Acciones destinadas a reducir los riesgos
- Priorizar reducciones directas: antes de recurrir a compensaciones, disminuir las emisiones propias mediante mayor eficiencia, electrificación y ajustes operativos.
- Implementar MRV robusto: aplicar monitoreo, reporte y verificación independientes con información continua y rastreable.
- Usar metodologías conservadoras: emplear líneas base prudentes, factores de ajuste y márgenes que contemplen la incertidumbre.
- Verificación de terceros acreditados: prevenir conflictos de interés y elegir verificadores con trayectoria comprobada y procesos transparentes.
- Mecanismos de permanencia y reservas: incorporar reservas de créditos o pólizas que cubran posibles reversiones en iniciativas forestales.
- Transparencia y apertura de datos: disponer de un registro público con proyectos, parámetros, supuestos y resultados para facilitar revisiones ciudadanas y académicas.
- Evitar doble contabilización: coordinar con registros nacionales y plataformas internacionales y anular créditos cuando sea necesario para impedir reclamos duplicados.
- Evaluaciones de impacto social: garantizar salvaguardas y procesos de consulta con comunidades locales que reduzcan riesgos sociales y reputacionales.
- Uso de tecnologías avanzadas: aprovechar teledetección satelital, sensores y modelos mejor calibrados que disminuyan la incertidumbre en biomasa forestal o emisiones fugitivas.
Recomendaciones prácticas para empresas y responsables públicos
- Definir una ruta de acción que dé prioridad a la disminución interna, prosiga con la prevención de emisiones y termine compensando solo aquello que resulte imposible de eliminar.
- Establecer lineamientos para adquirir compensaciones que exijan evidencias de adicionalidad, permanencia y aportes socioambientales verificables.
- Comunicar de forma abierta los procedimientos y conclusiones de MRV y someterlos de manera regular a revisiones externas.

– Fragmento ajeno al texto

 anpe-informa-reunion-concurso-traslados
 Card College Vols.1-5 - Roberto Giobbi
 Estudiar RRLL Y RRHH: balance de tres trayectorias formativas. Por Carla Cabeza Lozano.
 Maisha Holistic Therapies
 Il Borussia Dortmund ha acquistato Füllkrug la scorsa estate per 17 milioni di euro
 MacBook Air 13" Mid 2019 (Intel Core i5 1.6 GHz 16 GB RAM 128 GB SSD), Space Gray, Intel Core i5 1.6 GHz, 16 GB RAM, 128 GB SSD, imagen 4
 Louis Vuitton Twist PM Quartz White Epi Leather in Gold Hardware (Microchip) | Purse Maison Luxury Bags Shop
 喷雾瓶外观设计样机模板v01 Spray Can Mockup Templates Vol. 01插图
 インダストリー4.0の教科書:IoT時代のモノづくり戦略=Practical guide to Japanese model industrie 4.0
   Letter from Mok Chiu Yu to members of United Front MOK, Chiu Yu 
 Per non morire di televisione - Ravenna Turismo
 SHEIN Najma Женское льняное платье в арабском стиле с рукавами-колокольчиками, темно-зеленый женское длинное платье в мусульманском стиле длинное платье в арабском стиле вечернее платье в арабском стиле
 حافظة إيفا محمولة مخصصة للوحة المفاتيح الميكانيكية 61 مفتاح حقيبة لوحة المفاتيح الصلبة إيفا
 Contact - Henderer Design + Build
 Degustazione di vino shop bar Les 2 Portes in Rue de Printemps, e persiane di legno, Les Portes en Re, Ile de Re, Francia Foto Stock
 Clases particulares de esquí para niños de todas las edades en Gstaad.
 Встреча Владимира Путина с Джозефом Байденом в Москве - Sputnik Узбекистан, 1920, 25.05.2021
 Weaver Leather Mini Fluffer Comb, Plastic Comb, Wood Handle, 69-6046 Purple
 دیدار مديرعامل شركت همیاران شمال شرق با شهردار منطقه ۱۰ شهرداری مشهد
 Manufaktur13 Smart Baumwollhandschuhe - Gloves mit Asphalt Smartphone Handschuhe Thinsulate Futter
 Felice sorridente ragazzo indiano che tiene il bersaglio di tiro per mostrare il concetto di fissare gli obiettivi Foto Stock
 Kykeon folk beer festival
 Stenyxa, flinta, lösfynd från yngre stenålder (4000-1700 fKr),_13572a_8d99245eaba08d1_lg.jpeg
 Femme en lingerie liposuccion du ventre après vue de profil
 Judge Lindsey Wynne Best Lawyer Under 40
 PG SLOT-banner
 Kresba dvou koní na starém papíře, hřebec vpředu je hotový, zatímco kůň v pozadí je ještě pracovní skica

- Incorporar evaluaciones de estrés dentro de las auditorías financieras con el fin de calcular el riesgo vinculado a activos de carbono y posibles responsabilidades.
- Fomentar marcos regulatorios claros que obliguen a la transparencia en las afirmaciones climáticas y protejan contra prácticas de lavado de reputación ambiental.
Calcular de manera inexacta las emisiones y las compensaciones no es un mero error técnico, sino un problema que afecta al conjunto del sistema, desde la atmósfera hasta la confianza social y el valor económico. Tales imprecisiones pueden derivar en beneficios climáticos inferiores a los previstos, pérdidas financieras, conflictos sociales y un desgaste de la legitimidad institucional. Por ello, la respuesta exige metodologías rigurosas, datos comprobados, revisiones independientes, marcos regulatorios razonables y una priorización nítida de las reducciones directas por encima de cualquier mecanismo de compensación. Solo con este enfoque las estrategias climáticas podrán preservar su credibilidad y contribuir de forma efectiva a frenar el calentamiento global.